Since graduating with an honours science degree in pure mathematics 30 years ago, Jan Swinhoe has blazed an enviable path through the actuarial, superannuation and banking worlds and is now relishing multiple board roles.
Looking back, the 61-year-old says one of the low points in her career was when she gave birth to her twins, Eloise and Charlie, in her early 40s, just a year after she had her first child, Catherine.
“I absolutely adored them so I put them first and put myself last, but in hindsight I wasn’t coping well, I was getting up at five and not eating anything until lunch or even mid-afternoon,” said Ms Swinhoe, who was once general manager of Westpac Private Bank.
“Once I had my twins, we went from an easily manageable life to a very out-of-control life … it was the first time I had felt things were out of my control and it made me stressed and anxious.”

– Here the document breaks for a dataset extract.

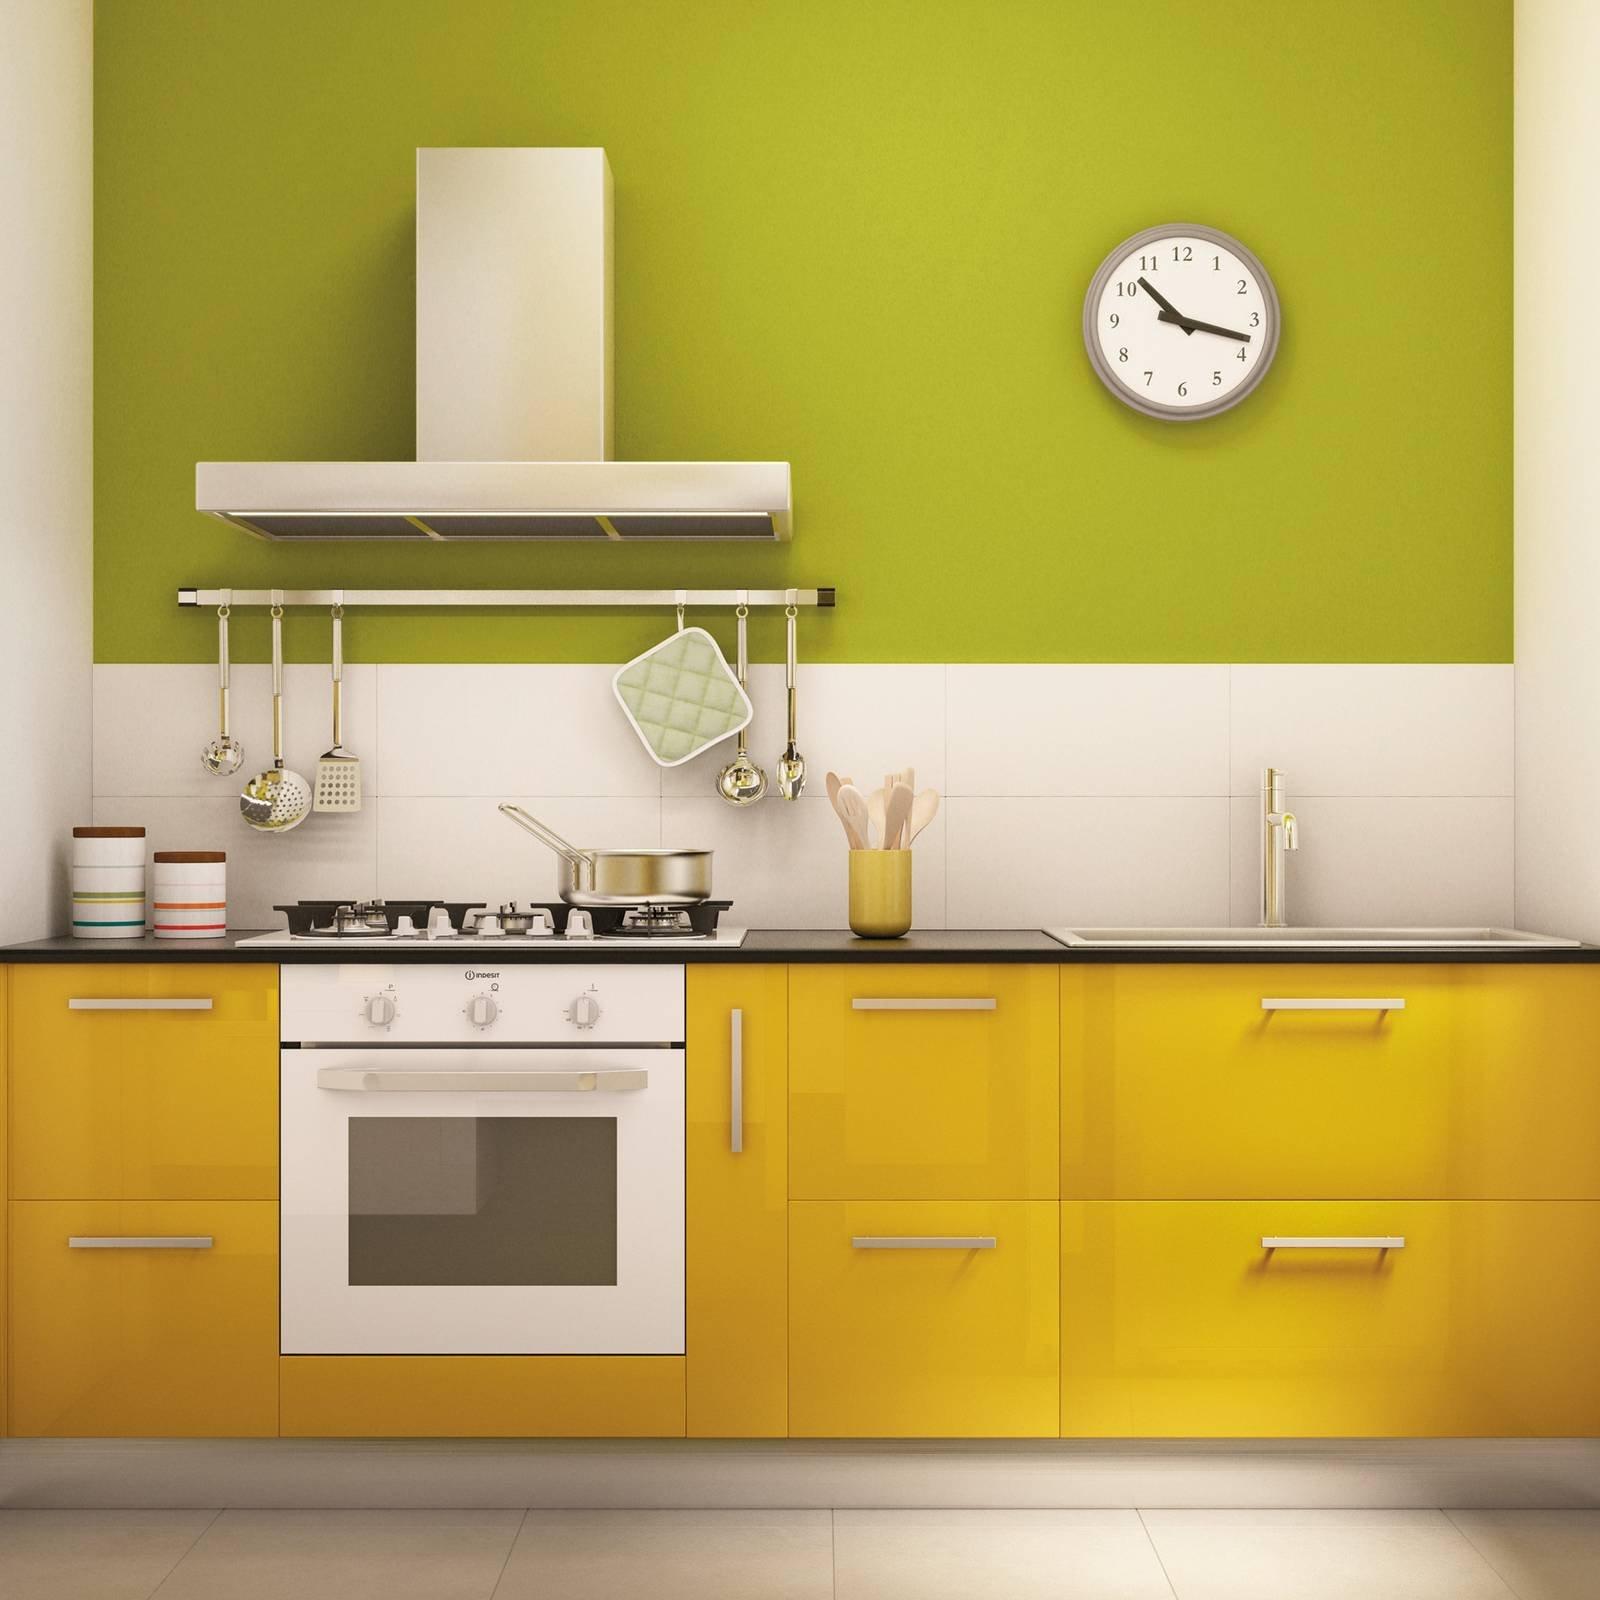 Cucina colorata 10 modelli supervivaci e moderni o sobri for Leroy merlin cucine

An analysis of 30,000 health assessments of Australian executives conducted between 2013 and 2017 by Executive Health Solutions (EHS) has found that female executives in their 30s are three times more likely to show symptoms of stress, anxiety and depression than their male counterparts.
In the 30 to 40 age group, about 7 per cent of women, compared to 3 per cent of men, had “significant” mental health issues. The findings are important because while other reports rely on surveys or data generated in clinics and hospitals, these were obtained via objective health assessments of executives across a wide spectrum of industries.
Organisational psychologist Paul Flanagan, who sits on the EHS board, said women were more stressed and anxious in their 30s – and 40s – because of gender roles and the pressure to excel in their careers while raising children.
The data showed female executives in manufacturing and engineering were significantly more stressed than their counterparts in other industries, but age groups had a greater impact on the outcome.
Mr Flanagan said women in their 40s were 1.5 times more likely to show signs of stress, anxiety and depression than men, but women in their 50s, had about the same rate.
“Organisations need to understand the wellbeing of senior people has a big impact on the wellbeing and the performance of the whole organisation because they set the climate, the environment, so it must be managed,” he said.
He said employers must provide flexible work arrangements for both men and women so that it’s normalised.
“They must also look at performance expectations and accommodate people at different times of their lives,” he said.
“My advice to women is that they need to test their organisations to see how flexible they are in accommodating their needs.”
A recent survey of more than 2000 working women aged 16 to 40 found 90 per cent believed that flexibility was “important”, but only 16 per cent “strongly agreed” they would have access to the necessary flexibility when needed.
Co-author Professor Rae Cooper, from Sydney University’s Business School, said women in their 30s were among the most stressed labour market participants, especially if they’re a mother and working a full-time job.
“Organisations need to provide more flexible working options and partners need to step up and share the care of young children so women in their 30s have a stress-free professional and family life,” she said.
Valeria Ignatieva, co-founder of DCC Jobs that pre-screens employers on aspects such as paid parental leave, pay equity and flexible working, said more and more female executives were balancing careers and families.
“Some examples include job sharing at NAB and [pharmaceutical company] MSD providing flexibility in roles where traditionally this was not common,” she said.
“It’s also important to ensure that women are not discriminated against in the interview process if they are expecting. Laing O’Rourke and HSBC are great examples of employers providing workplaces where women can advance their careers and have a family.”